How do I go about tracking down the cause of the StackOverflow in my program.
Here is my miner code:
Miner.cs
public class Miner
{
Random rand = new Random();
public string state { get; set; }
public int x { get; set; }
public int y { get; set; }
public Map map { get; set; }
public int minersCount;
public Miner(Map map, string state, int x, int y)
{
this.map = map;
this.state = state;
this.x = x;
this.y = y;
minersCount++;
if (state == "Active")
{
StartDigging();
}
}
bool IsOutOfBounds(int x, int y)
{
if (x == 0 || y == 0)
{
return true;
}
else if (x > map.mapWidth - 2 || y > map.mapHeight - 2)
{
return true;
}
return false;
}
bool IsLastMiner()
{
if (minersCount == 1)
{
return true;
}
else
{
return false;
}
}
public void StartDigging()
{
if (state == "Active")
{
int dir = 0;
bool needStop = false;
int ID = -1;
while (!needStop && !IsOutOfBounds(x, y))
{
while (dir == 0)
{
dir = ChooseDirection();
}
if (!AroundIsNothing())
{
while (ID == -1)
{
ID = GetIDFromDirection(dir);
}
}
else
{
if (!IsLastMiner())
{
needStop = true;
}
}
if (ID == 1)
{
DigToDirection(dir);
dir = 0;
}
if (ID == 0 && IsLastMiner())
{
MoveToDirection(dir);
dir = 0;
}
TryToCreateNewMiner();
}
if (needStop)
{
state = "Deactive";
}
}
}
public void TryToCreateNewMiner()
{
if (RandomPercent(8))
{
Miner newMiner = new Miner(map, "Active", x, y);
}
else
{
return;
}
}
bool AroundIsNothing()
{
if (map.map[x + 1, y] == 0 && map.map[x, y + 1] == 0 &&
map.map[x - 1, y] == 0 && map.map[x, y - 1] == 0)
{
return true;
}
else
{
return false;
}
}
void MoveToDirection(int dir)
{
if (dir == 1)
{
x = x + 1;
}
else if (dir == 2)
{
y = y + 1;
}
else if (dir == 3)
{
x = x - 1;
}
else if (dir == 4)
{
y = y - 1;
}
}
void DigToDirection(int dir)
{
if (dir == 1)
{
map.map[x + 1, y] = 0;
x = x + 1;
}
else if (dir == 2)
{
map.map[x, y + 1] = 0;
y = y + 1;
}
else if (dir == 3)
{
map.map[x - 1, y] = 0;
x = x - 1;
}
else if (dir == 4)
{
map.map[x, y - 1] = 0;
y = y - 1;
}
}
int GetIDFromDirection(int dir)
{
if (dir == 1)
{
return map.map[x + 1, y];
}
else if (dir == 2)
{
return map.map[x, y + 1];
}
else if (dir == 3)
{
return map.map[x - 1, y];
}
else if (dir == 4)
{
return map.map[x, y - 1];
}
else
{
return -1;
}
}
int ChooseDirection()
{
return rand.Next(1, 5);
}
bool RandomPercent(int percent)
{
if (percent >= rand.Next(1, 101))
{
return true;
}
return false;
}
}
Whilst you can get StackOverflowExceptions by creating too many really large objects on the stack, it usually happens because your code has got into a state where it is calling the same chain of functions over and over again. So, to track down the cause in your code, the best starting point is to determine where your code calls itself.

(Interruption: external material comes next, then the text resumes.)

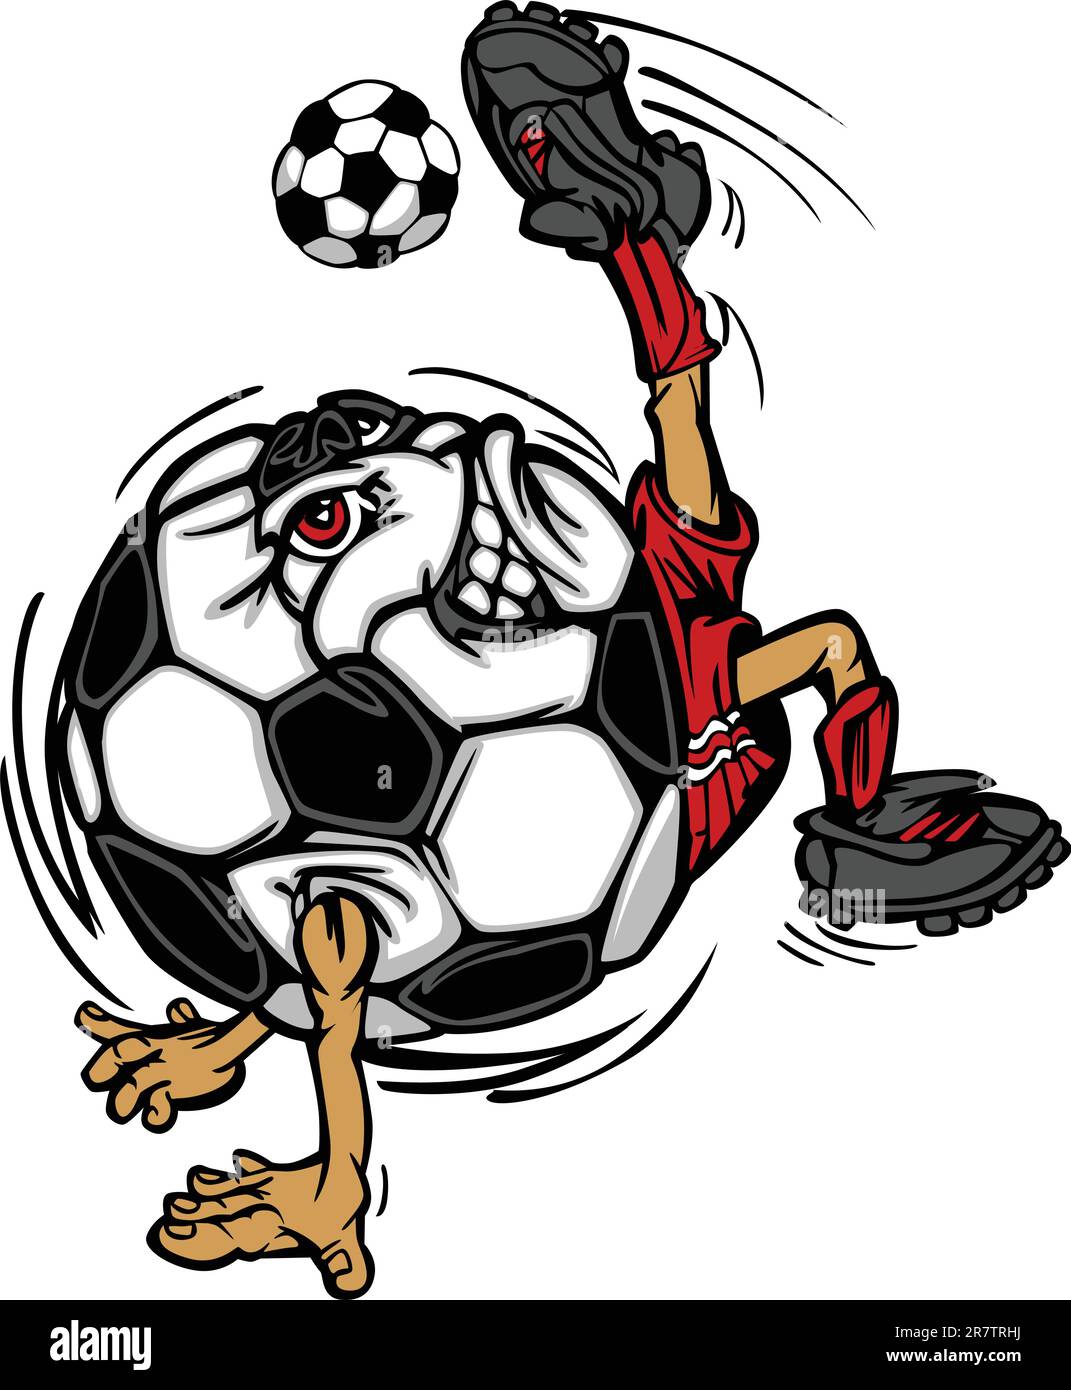 Soccer Ball Cartoon Image as a Soccer Player Kicking Soccer Ball Stock Vector
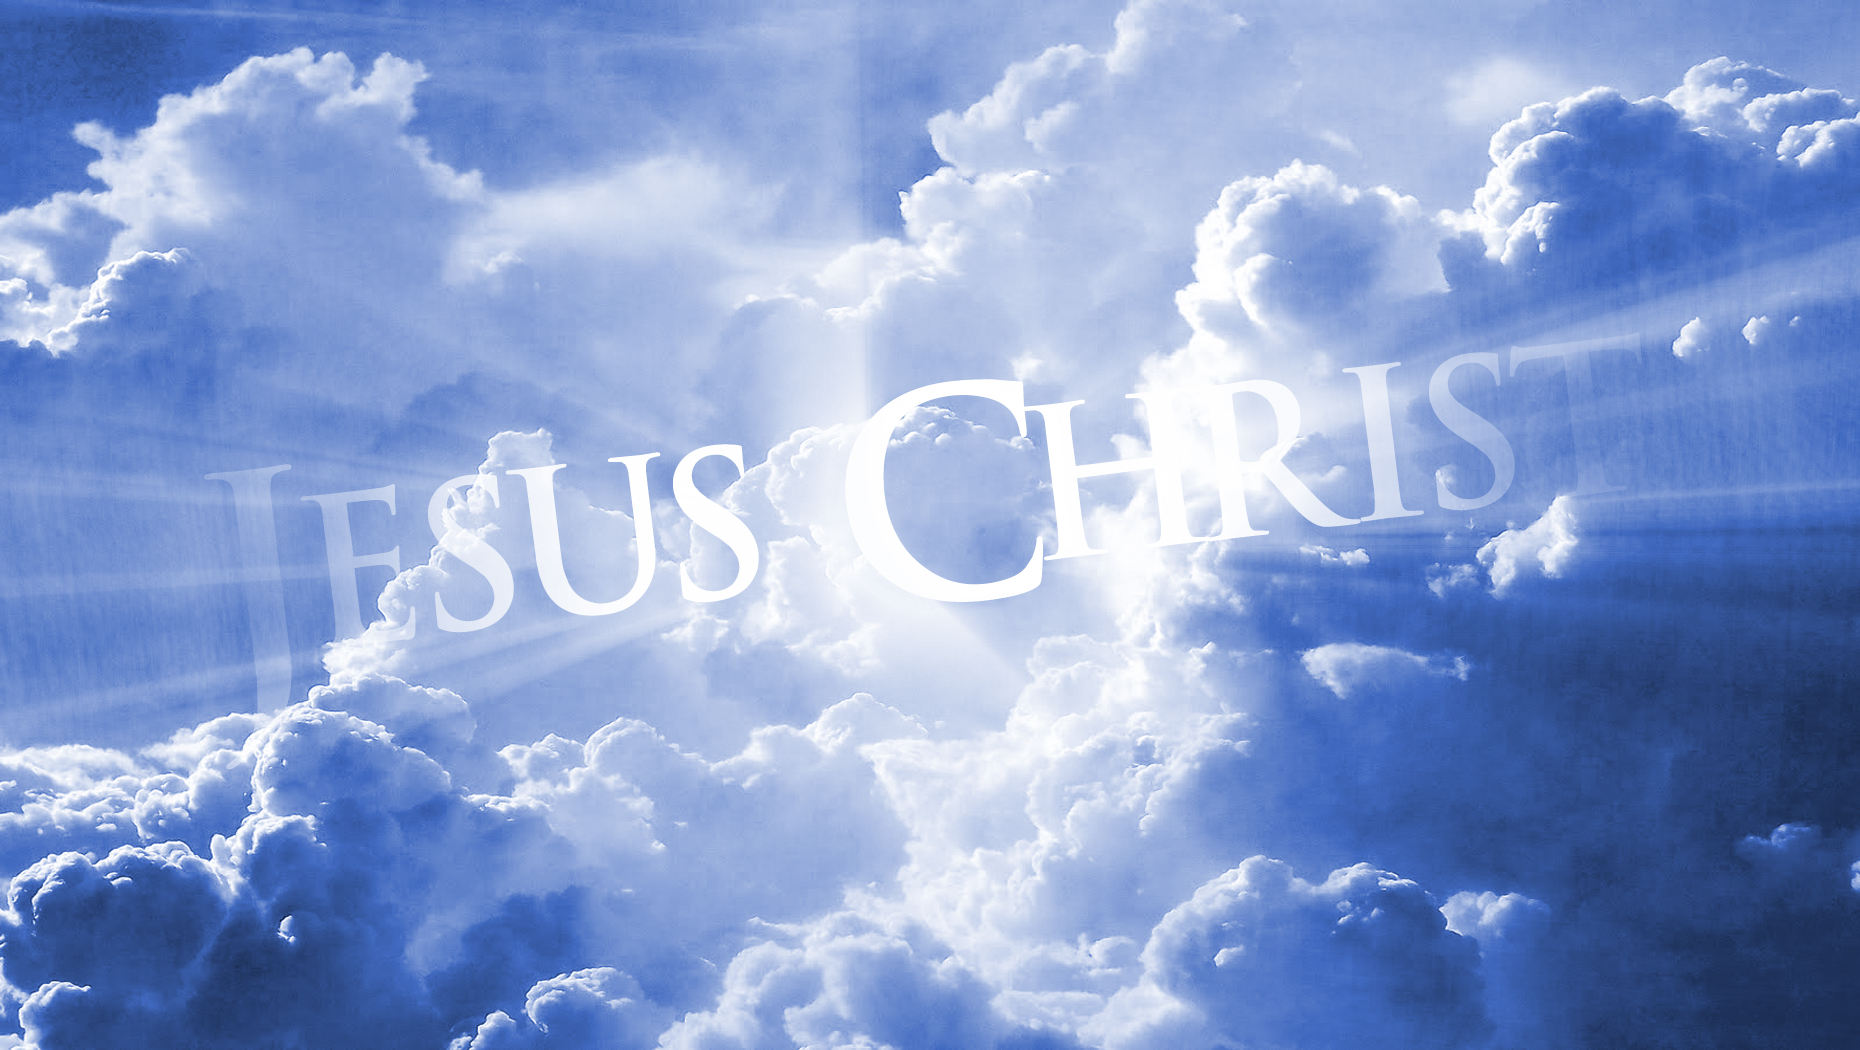 Jesus Christ In Heaven Wallpaper Christian

Your code consists of several functions that are called by the Miner class itself, most of which are trivial
Trivial functions that don't call anything else in the class. Whilst these functions may contribute to the state that triggers the problem, they aren't part of the terminal function loop:
IsOutOfBounds(int x, int y)
bool IsLastMiner()
bool AroundIsNothing()
void MoveToDirection(int dir)
void DigToDirection(int dir)
int GetIDFromDirection(int dir)
int ChooseDirection()
bool RandomPercent(int percent)
This leaves your remaining three functions
public Miner(Map map, string state, int x, int y) // Called by TryToCreateNewMiner
public void StartDigging() // Called by constructor
// Contains main digging loop
public void TryToCreateNewMiner() // Called by StartDigging
These three functions form a calling loop, so if the branching logic in the functions is incorrect it could cause a non-terminating loop and hence a stack overflow.
So, looking at the branching logic in the functions
Miner
The constructor only has one branch, based on if the state is "Active". It is always active, since that's the way the object is always being created, so the constructor will always call StartDigging. This feels like the state isn't being handled correctly, although it's possible that you're going to use it for something else in the future...
As an aside, it's generally considered to be bad practice to do a lot of processing, not required to create the object in an objects constructor. All of your processing happens in the constructor which feels wrong.
TryToCreateNewMiner
This has one branch, 8% of the time, it will create a new miner and call the constructor. So for every 10 times TryToCreateNewMiner is called, we stand a good chance that it will have succeeded at least once. The new miner is initially started in the same position as the parent object (x and y aren't changed).
StartDigging
There's a fair bit of branching in this method. The main bit we are interested in are the conditions around calls to TryToCreateNewMiner. Lets look at the branches:
if(state=="Active")
This is currently a redundant check (it's always active).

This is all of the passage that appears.